> _ACTION ITEM_
Copy down the listing below exactly. Do not include pictures.

━━━━━ INFORMATION SHOWN

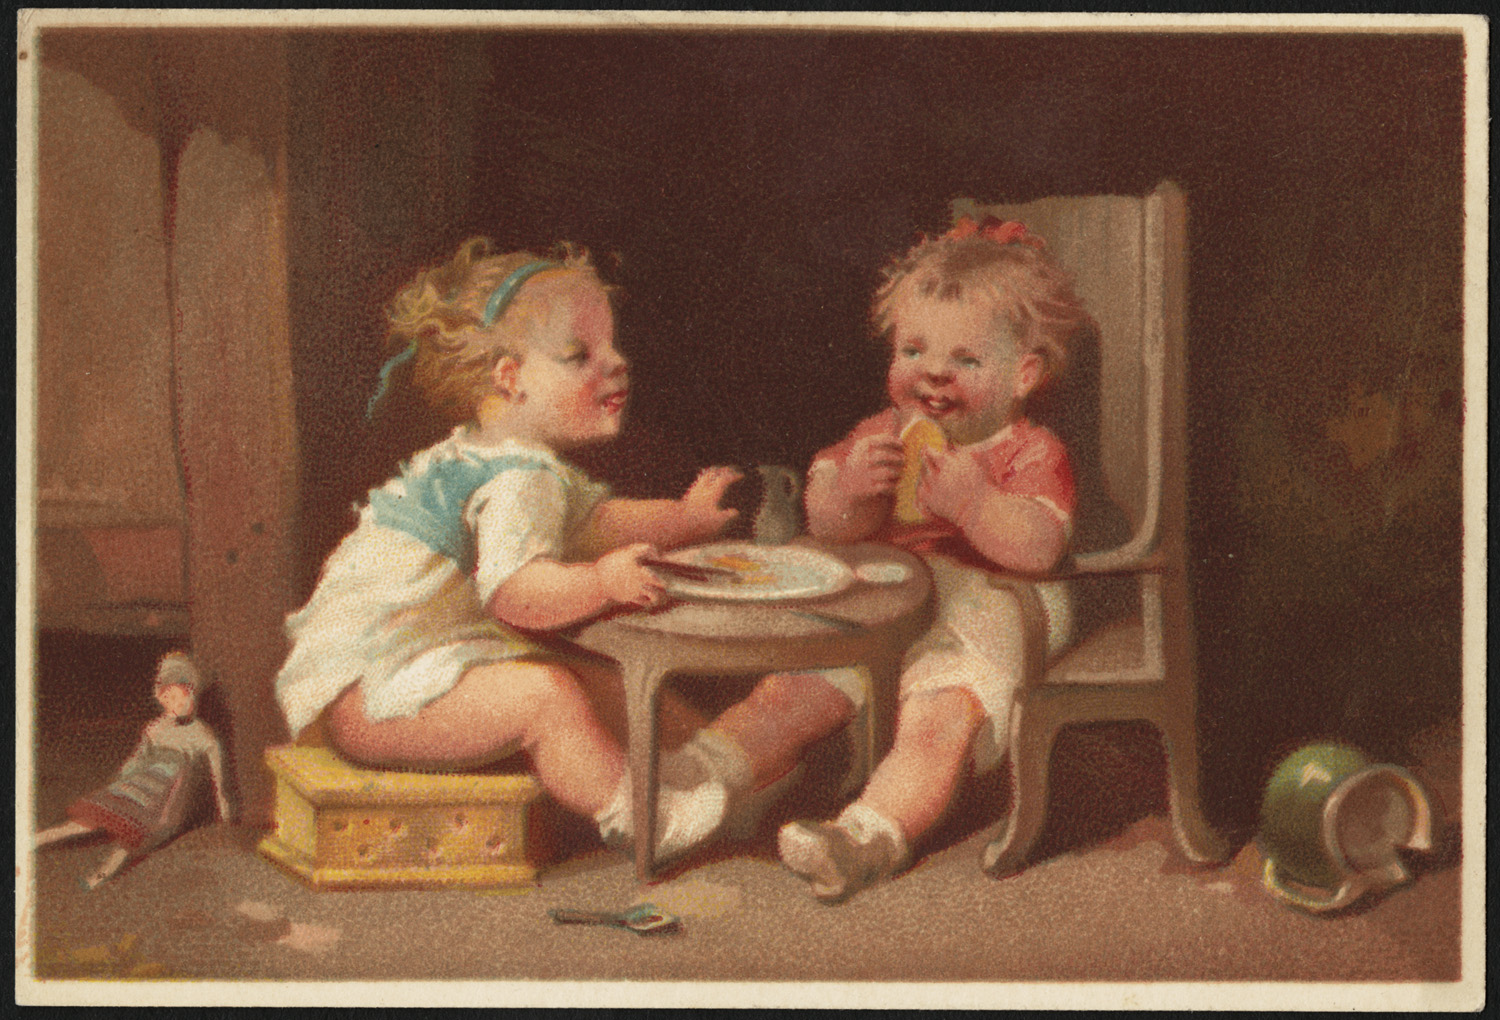 two children sitting at a table sharing a meal
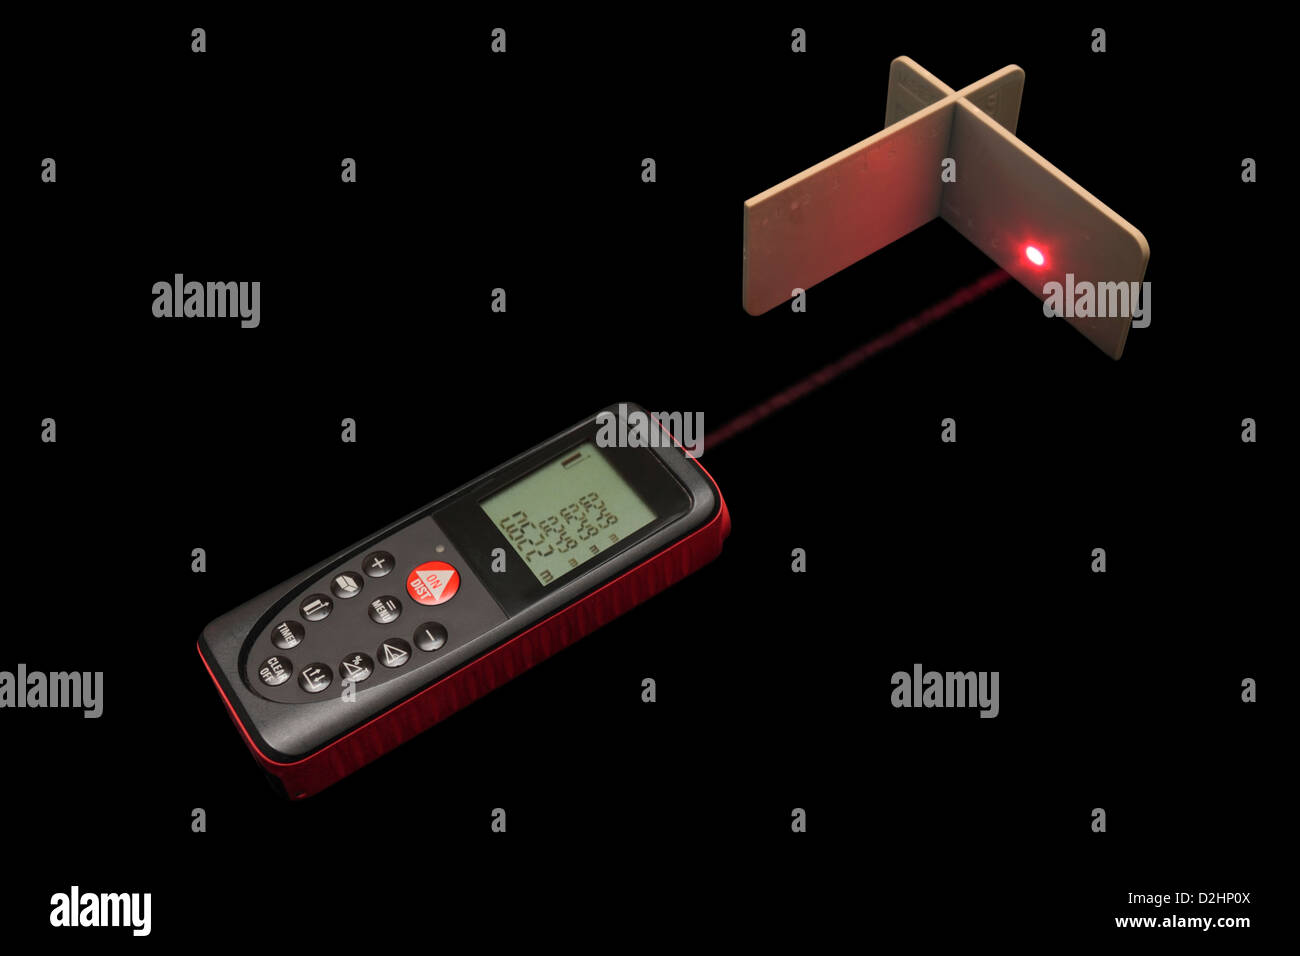 Leica Disto Meter D3 aimed at a grey target isolated on black background Stock Photo
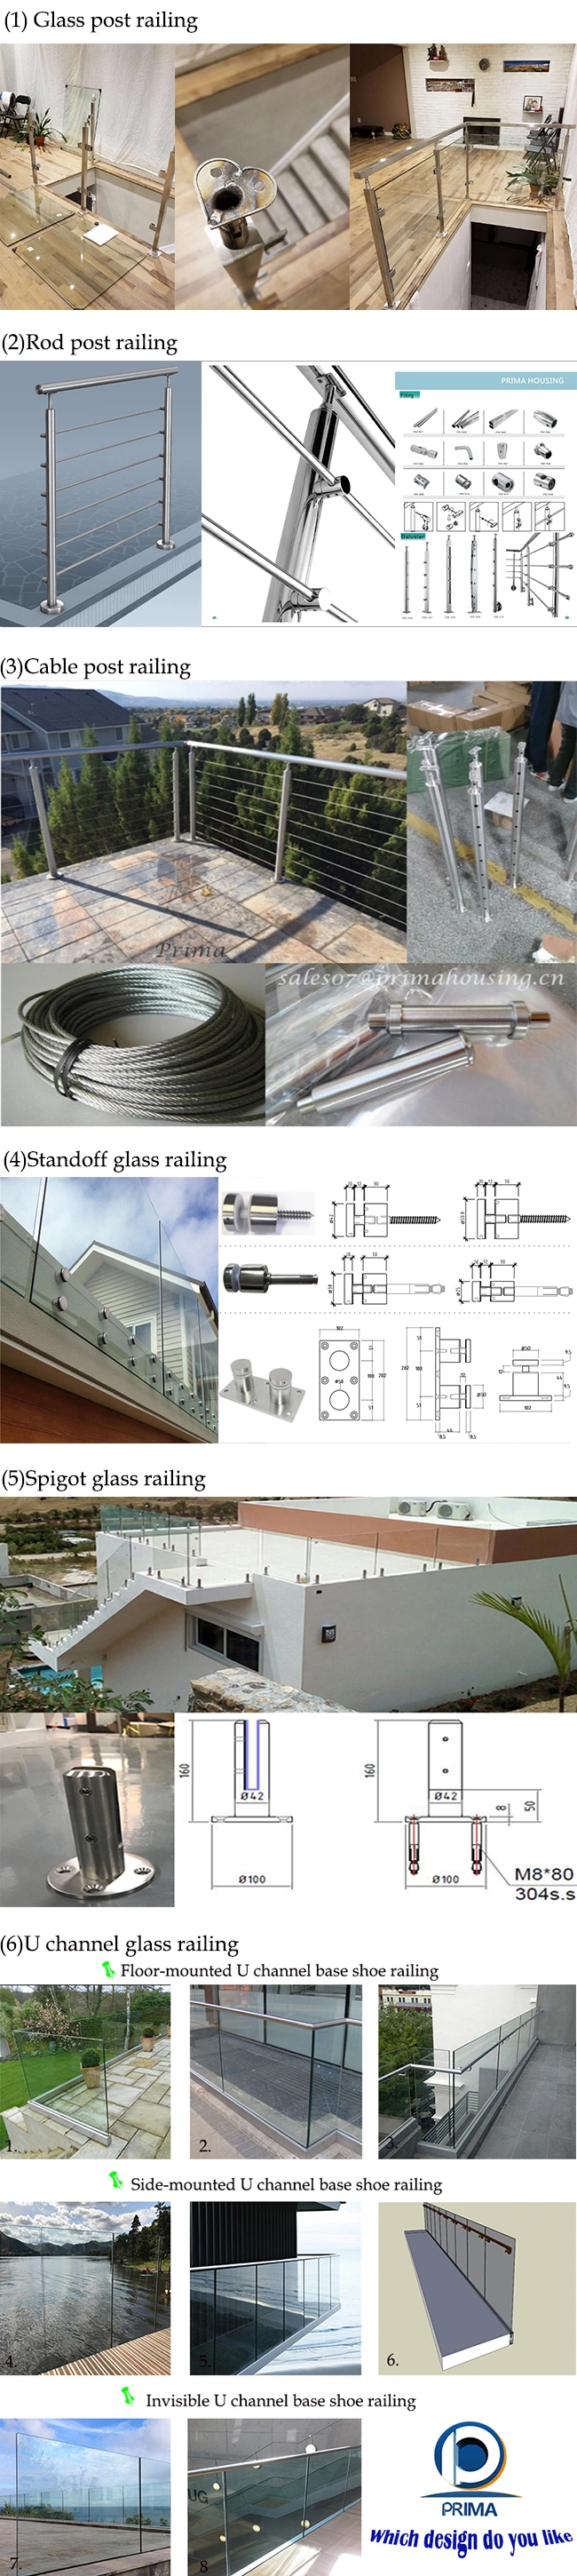 Deck Wire Rope Balustrade Wire Post Handrail Terrace Stainless Steel Tensioner Cable Railing Systems

━━━━━━━━━━

> _RESPONSE FOR THIS EXERCISE_
 two children sitting at a table sharing a meal
 Leica Disto Meter D3 aimed at a grey target isolated on black background Stock Photo
 Deck Wire Rope Balustrade Wire Post Handrail Terrace Stainless Steel Tensioner Cable Railing Systems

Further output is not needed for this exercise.